[ExI] 3 kt?

Dylan Distasio interzone at gmail.com
Fri Aug 7 00:36:43 UTC 2020

Thanks for sharing.  Based on who would gain (or not) in such a tragedy, I
had assumed the ammonium nitrate claim was likely accurate.  An attack from
any obvious players doesn't seem in anyone's interest.

I have to admit as a layman though that it looked like it could have been a
~200K ton nuke when first watching the footage based on the cloud and blast
radius.  I'm glad of course that doesn't appear to be the case.

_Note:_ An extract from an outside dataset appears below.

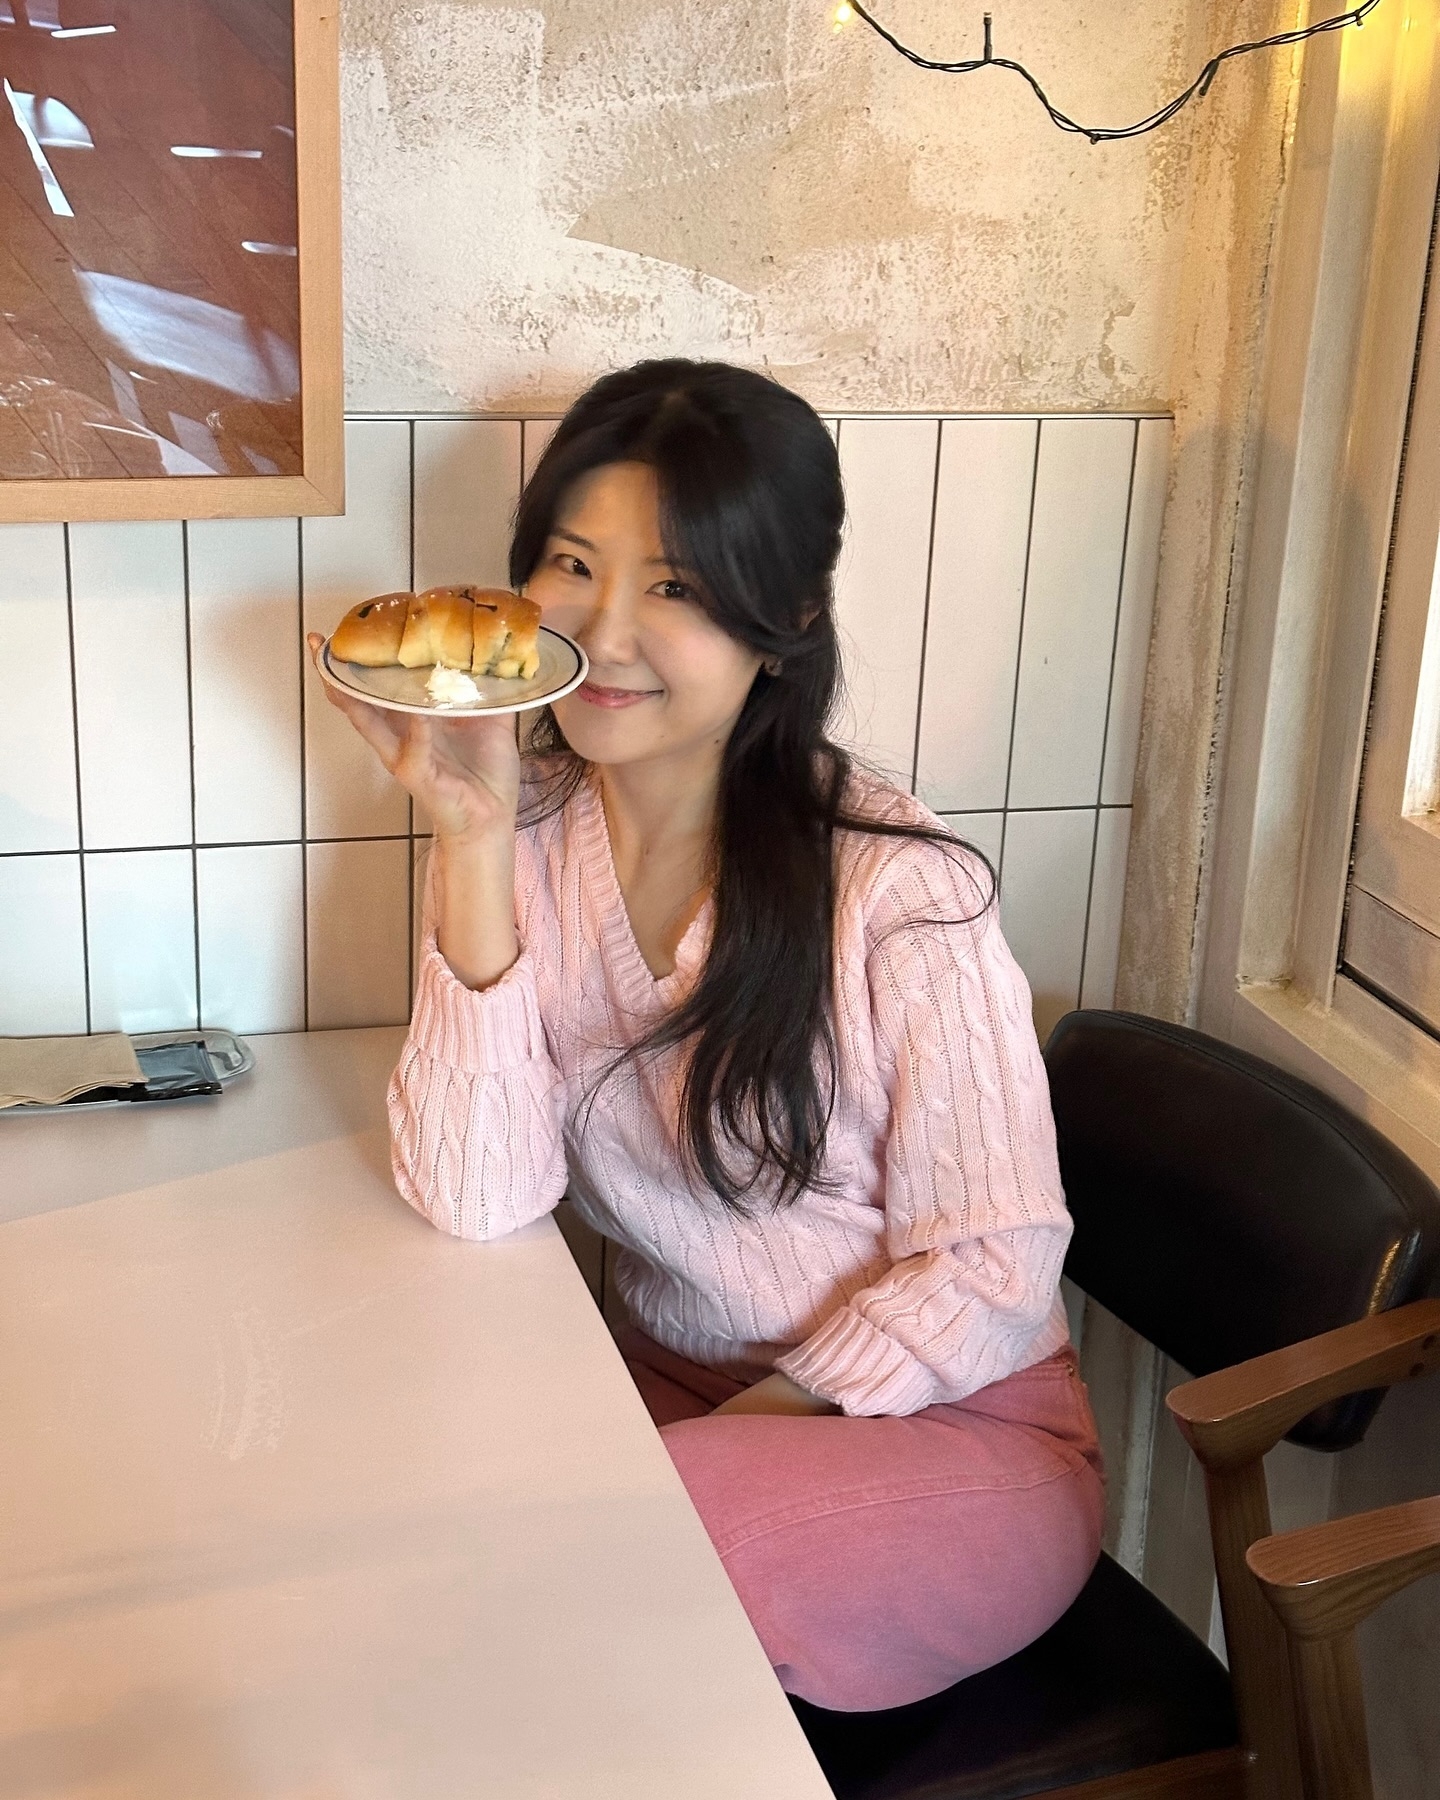 韓國新娘瘦身食譜飽住瘦由79kg勁甩24kg  不做運動仲有食Pizza、蛋餅食！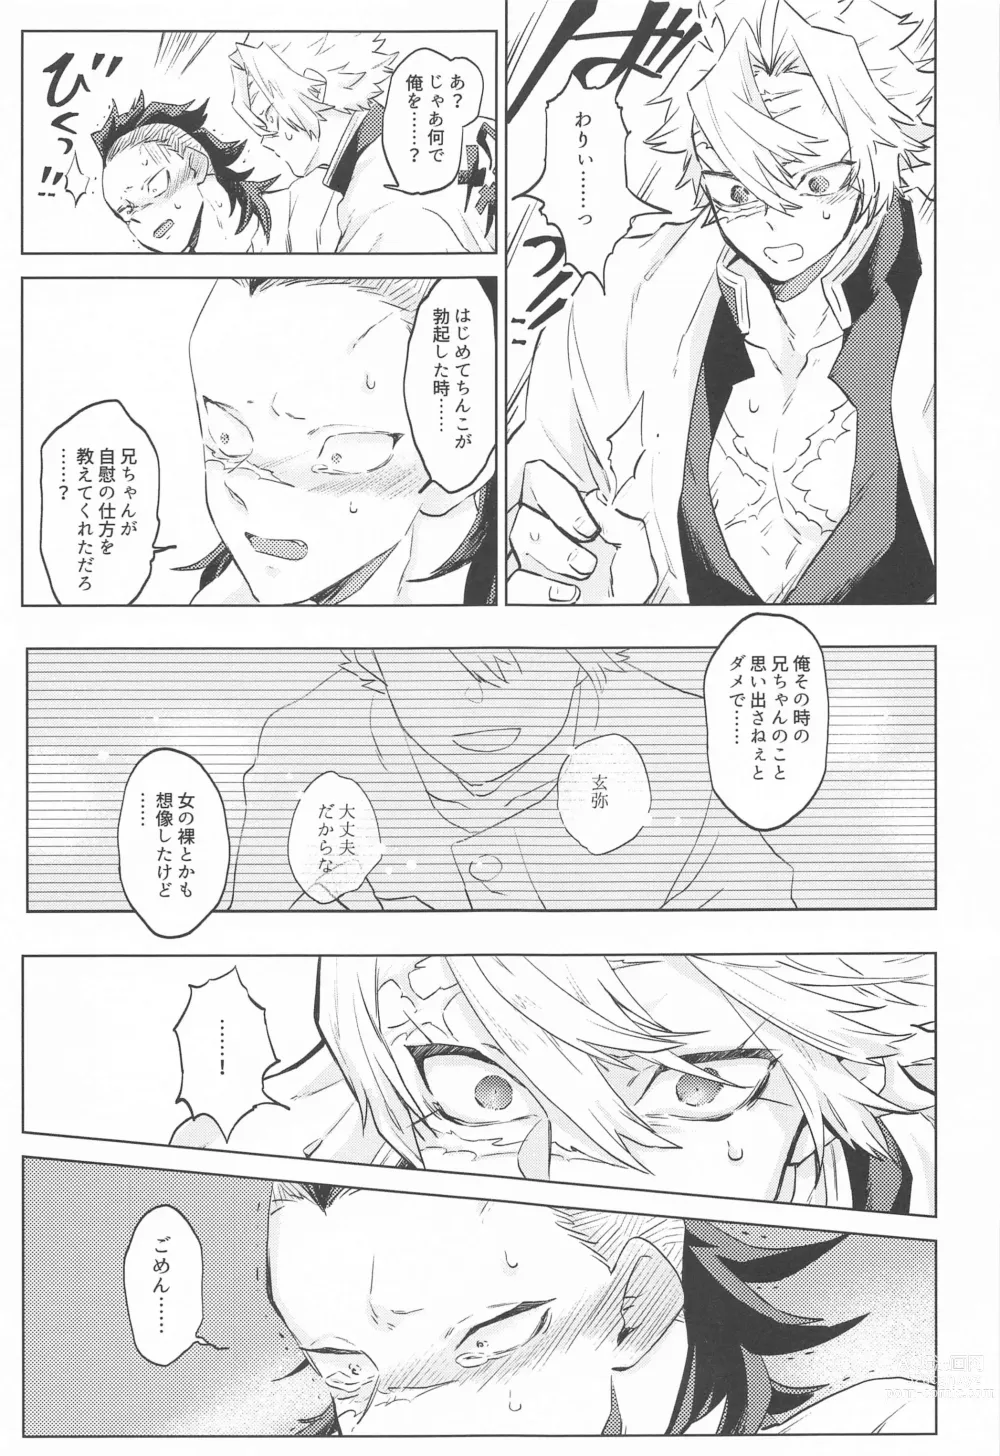 Page 9 of doujinshi Shion no Kusari

On Thu, Aug 6, 2020, 7:40 PM spike jones via extropy-chat <
extropy-chat at lists.extropy.org> wrote:

> Such a grim topic it is, that huge explosion in Beirut.
> When I was in engineering school, we had a compressible flow class where
> they had us do all these calculations on blast radius, overpressure
> threshold, shock wave mechanics and so forth.  The cold war was still going
> in those days, so they thought it was a good thing for us to know about.
> My compressible-flow book went into a lotta gory detail on what happens
> behind a shock wave and how to figure out what it was that exploded based
> on the velocity of the shock wave (which isn’t the same as a leading-edge
> sound wave (because the shock wave travels in a compressed medium and sound
> waves do not (so the shock wave gets to ya first (and hurts a lot worse.))))
> If we go with a cell-phone frame rate of about 30 per second, and estimate
> the shock wave was advancing at about 100 meters between frames, that is a
> shock wave velocity indicating ammonium nitrate, which supports the theory
> that it was a coupla thousand tons of fertilizer on a parked ship, possibly
> three thousand tons.  Oy vey mercy.